START Data

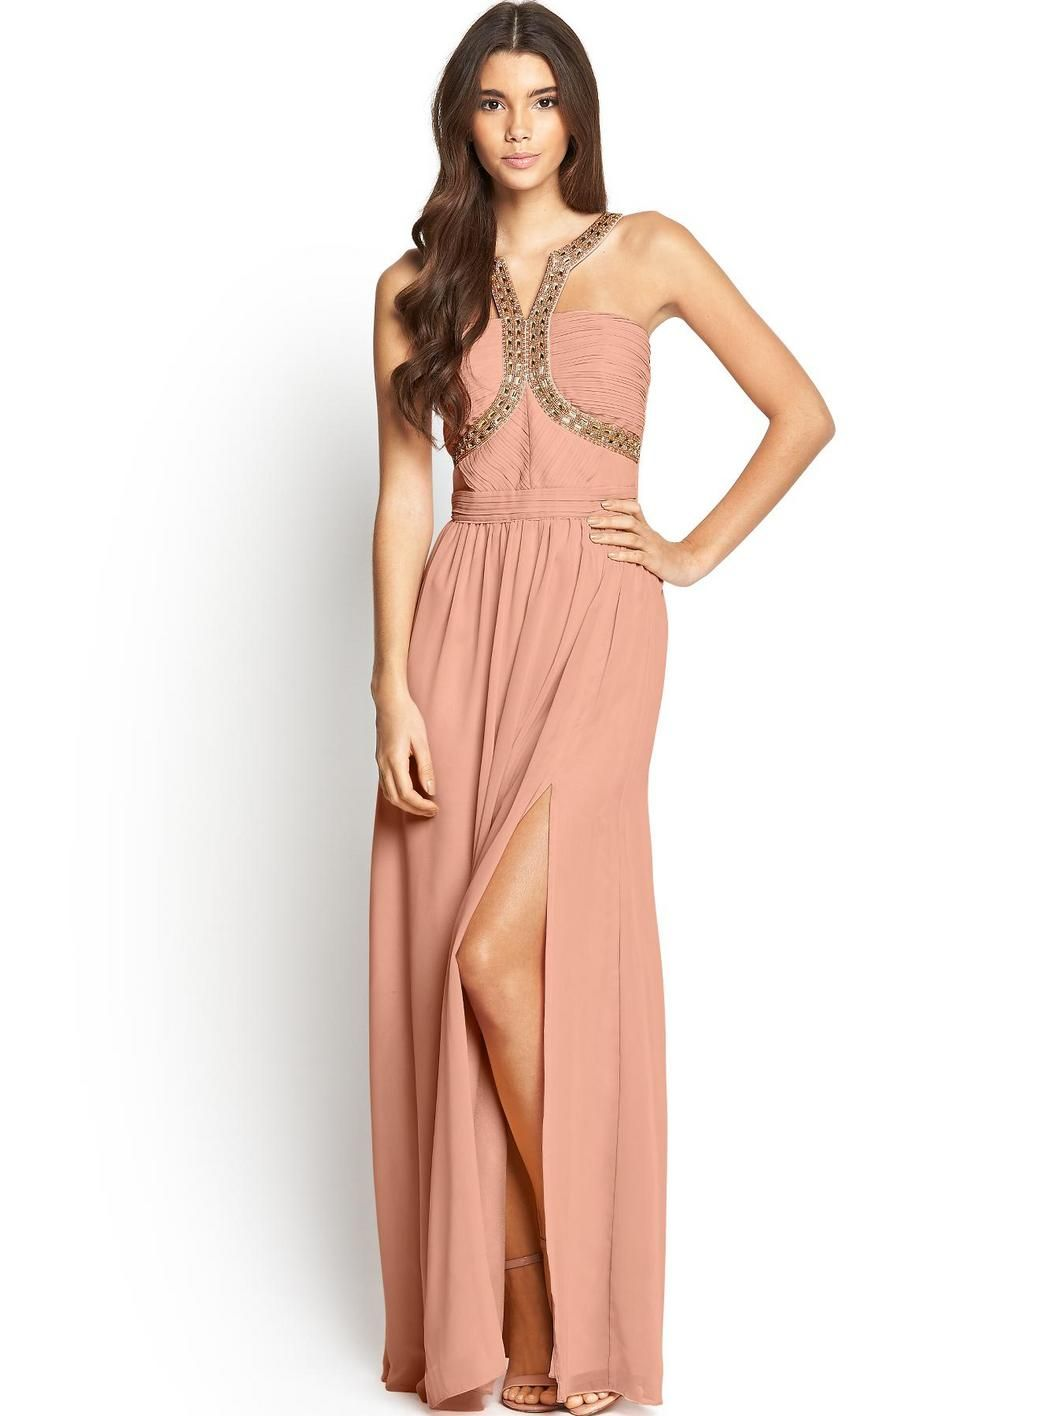 Maxi dress httplittlewoodslittle mistress maxi dress maxi dress httplittlewoodslittle mistress ombrellifo Image collections
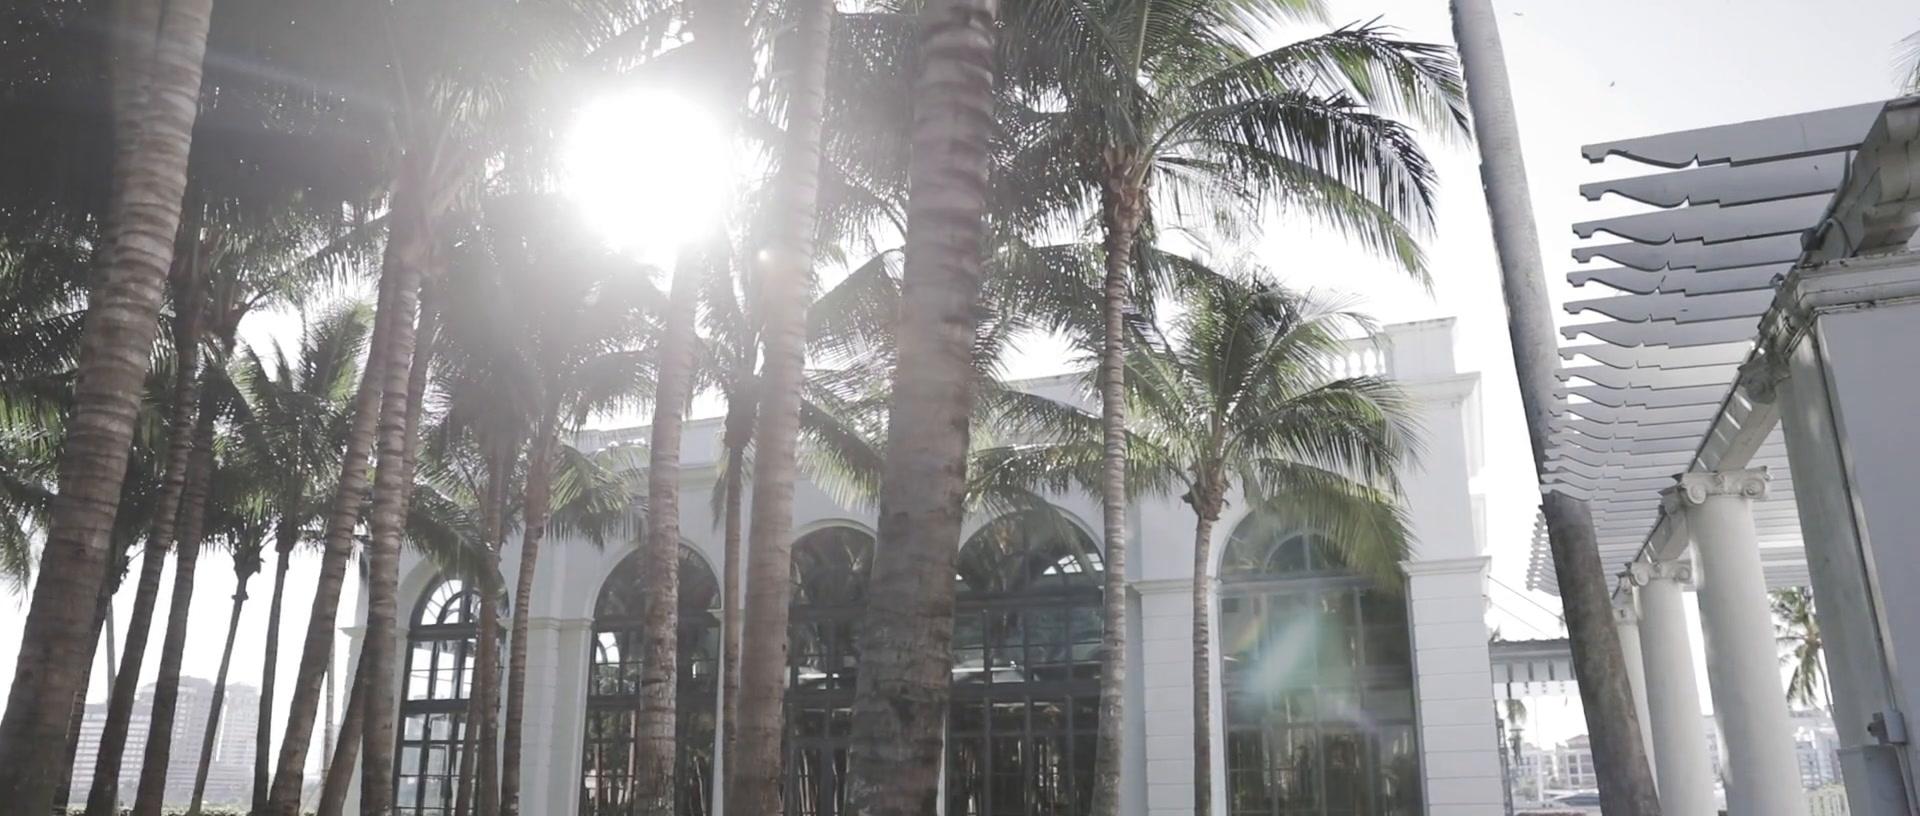 Brittany + Jad   Palm Beach, Florida   Henry Morrison Flagler Museum
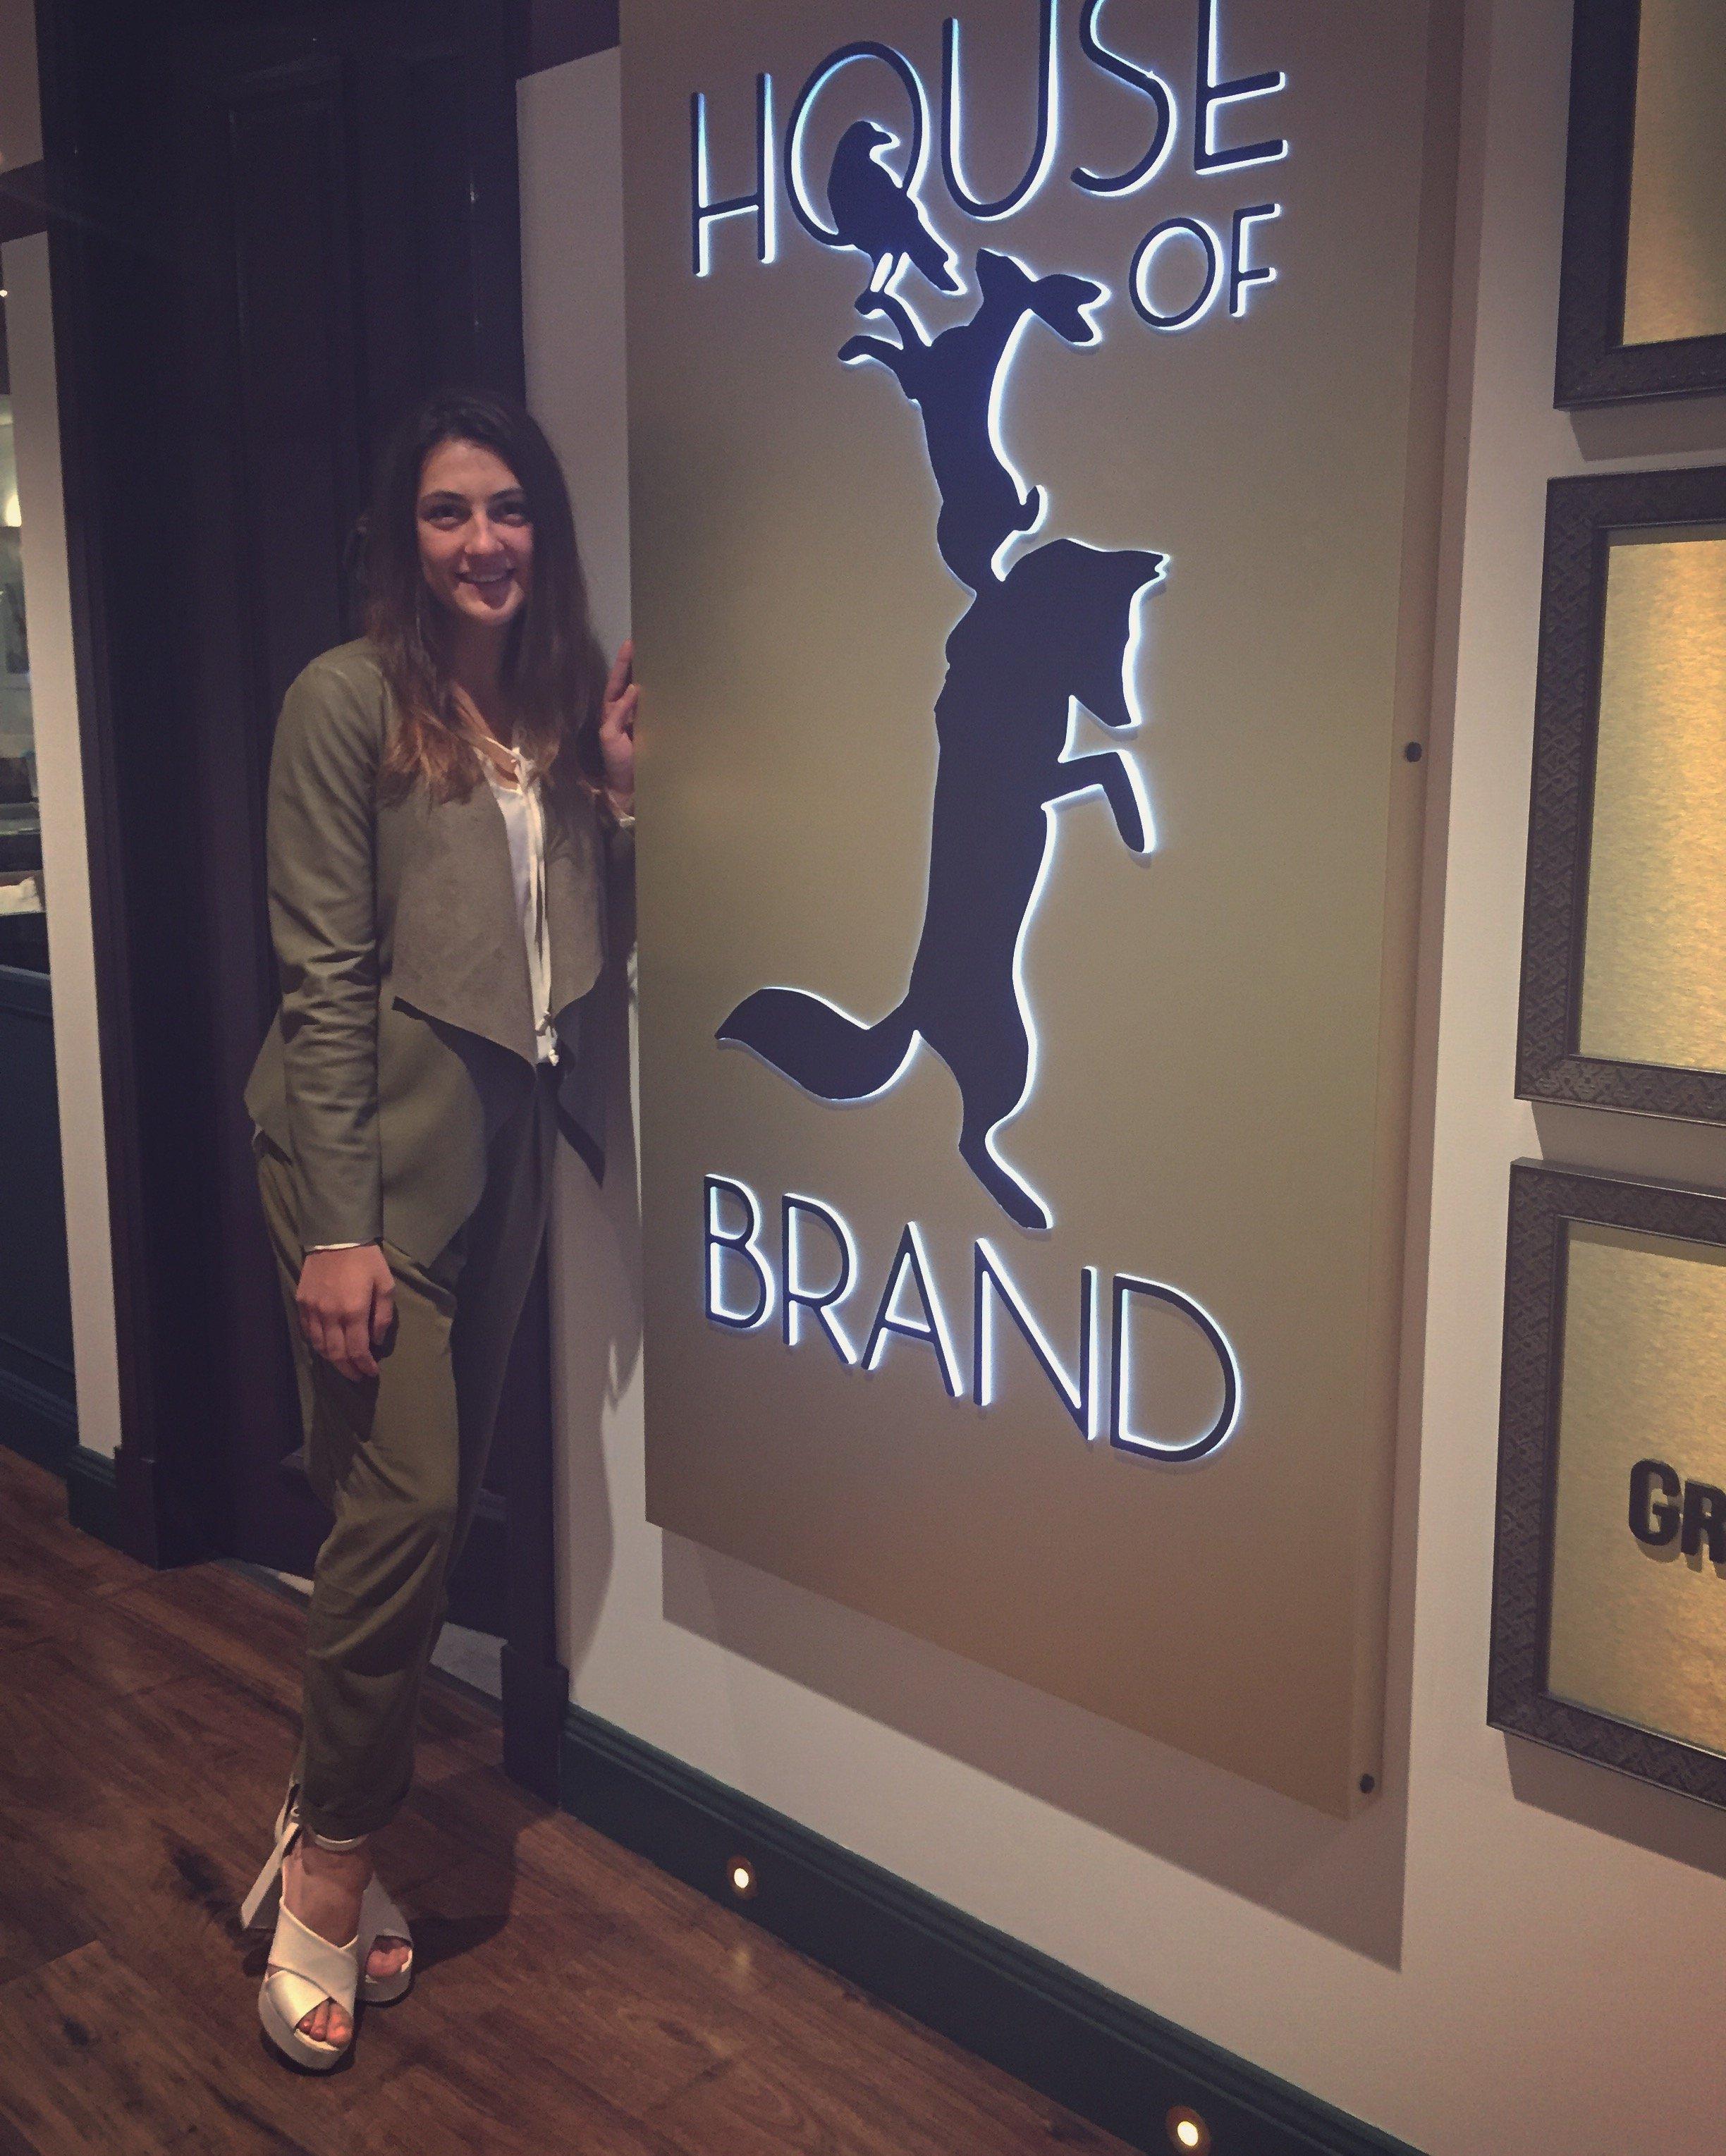 CAPAStudyAbroad_Sydney_Fall2017_From Hanna Okhrimchuk - Internship at House of Brand_1.jpeg

END Data

Before copying the material, set its pictures aside; then transcribe it word for word.

[Result]
 Maxi dress httplittlewoodslittle mistress maxi dress maxi dress httplittlewoodslittle mistress ombrellifo Image collections
 Brittany + Jad   Palm Beach, Florida   Henry Morrison Flagler Museum
 CAPAStudyAbroad_Sydney_Fall2017_From Hanna Okhrimchuk - Internship at House of Brand_1.jpeg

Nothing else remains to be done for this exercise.